The cylinder block 10 has a plurality of cylinder bores (not shown) formed therein, and defines a plurality of cylinders arranged in one line along with the cylinder head 20 which covers the cylinder block 10. The row direction of the plurality of cylinders is represented by an arrow A in these figures.

The cylinder head 20 has intake ports 22 for the cylinders formed on an intake side 21 of the engine body defined on one side of the engine body with respect to the cylinder row direction A. The cylinder head 20 also has exhaust ports (not shown) for the cylinders formed on an exhaust side 23 of the engine body defined on the other side of the engine body with respect to the cylinder row direction A. In addition, the cylinder head 20 is provided with a cooling water passage 24 formed therein.

The cylinder head 20 is provided with an intake manifold (not shown) or an intake air passage member on the intake side 21 of the engine body, and an exhaust manifold 25 or an exhaust air passage member on the exhaust side 23 of the engine body.

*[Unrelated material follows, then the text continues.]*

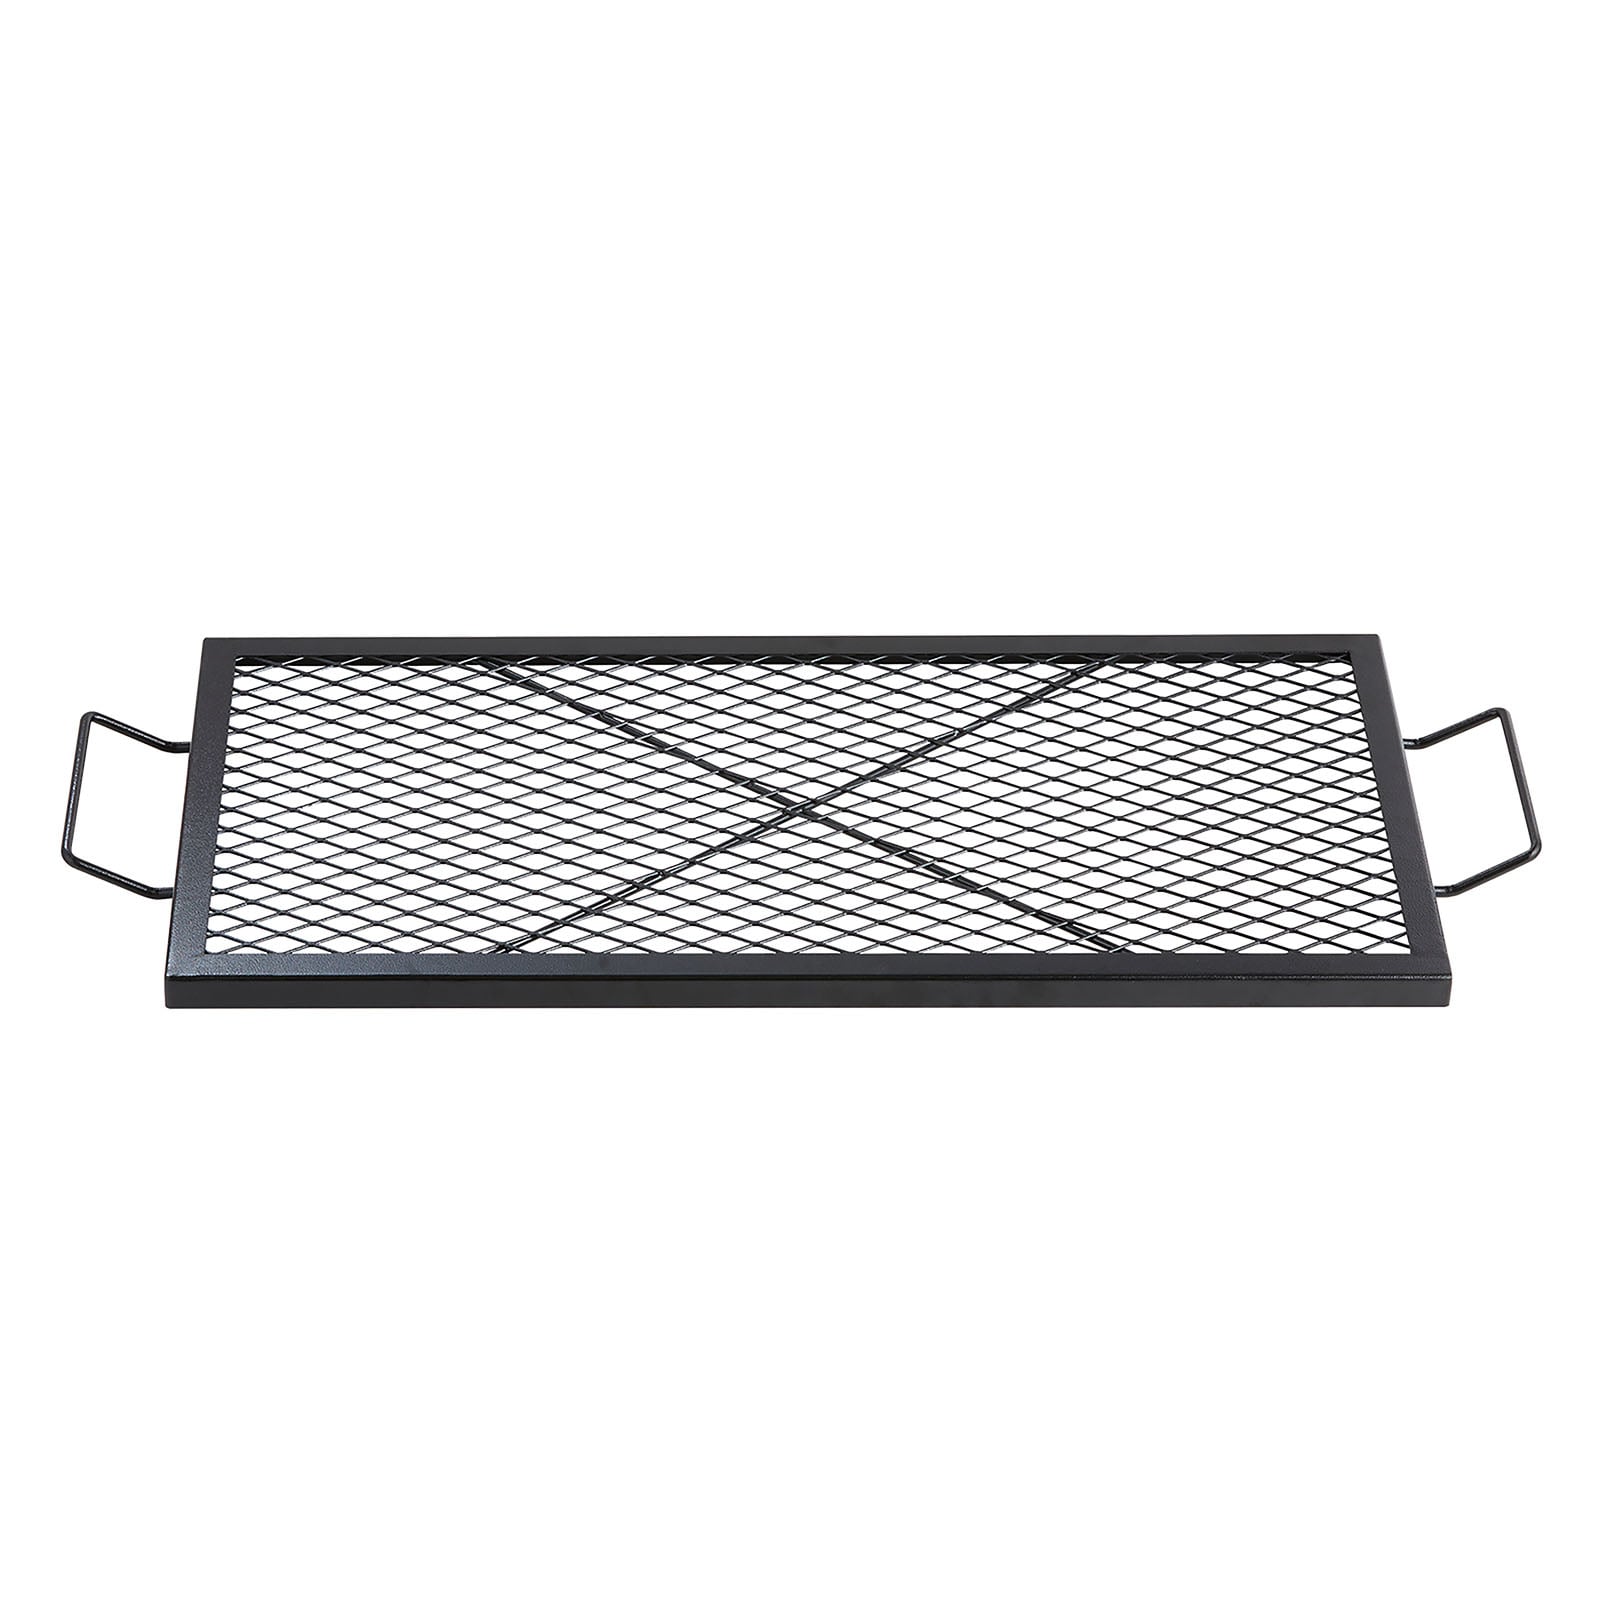 VEVOR 23 x 16 Heavy Duty Steel Stove Top Griddle with 2 Handles

Cylinder head 20 is provided with an overhang 101 projecting from an end 26 thereof with respect to cylinder row direction A (cylinder row end 26) and extending in a direction from the intake side 21 to the exhaust side 23 of the engine body. The overhang 101 is formed by projecting an upper portion of the cylinder row end 26 of the cylinder head 20 more outward relative to the engine body than an end 11 of the cylinder block 10 with respect to the cylinder row direction A (cylinder row end 11), and thus defines a space 102 thereunder. The overhang 101, in this embodiment, is almost uniformly formed from the intake side 21 to the exhaust side 23 of the engine body. The cylinder row end 11 of the cylinder block 10 and the lower portion of the cylinder row end 26 of the cylinder head 20 form an almost continuous surface.

The cam holder 30 supports camshafts 31 and 32 of the engine valve system. The cam holder 30 is provided with, at an end thereof with respect to the cylinder row direction A, a fuel pump mounting surface 33 for mounting a fuel pump 40 thereon. The fuel pump mounting surface 33 is disposed in a position higher than that of the overhang 101. The fuel pump 40 is connected to the camshaft 31 in a drivable manner, and thus is rotated by the camshaft 31.

The internal combustion engine comprises exhaust gas recirculating system formed by EGR pipes 41 and 42, EGR gas cooler 43, EGR bypass valve 44, and EGR valve 45, which are exhaust gas recirculating members. These members communicate the passage defined by the intake manifold (not shown) with the passage defined by the exhaust manifold 25, and thus recirculate the exhaust gas from the exhaust side to the intake side.

The EGR pipe 42, EGR gas cooler 43, EGR bypass valve 44, and EGR valve 45 are disposed near the intake side 21 of the engine body and in proximity with the intake manifold (not shown) provided on the intake side 21 of the engine body.

The EGR pipe 41 has its major portion disposed in the space 102 defined under the overhang 101, and the passage defined by the EGR pipe 41 is communicated with an EGR port 27 formed on the exhaust manifold 25 at one end thereof and with an end of a passage defined by the other EGR pipe 42 disposed in a lower position than that of the EGR pipe 41 at the other end thereof. In addition, the EGR pipe 41 does not touch the engine body 100 directly or indirectly (for example, there is no stay connecting the intermediate portion of the EGR pipe 41 with the engine body 100), and thus there is no direct heat conduction between the EGR pipe 41 and the engine body 100.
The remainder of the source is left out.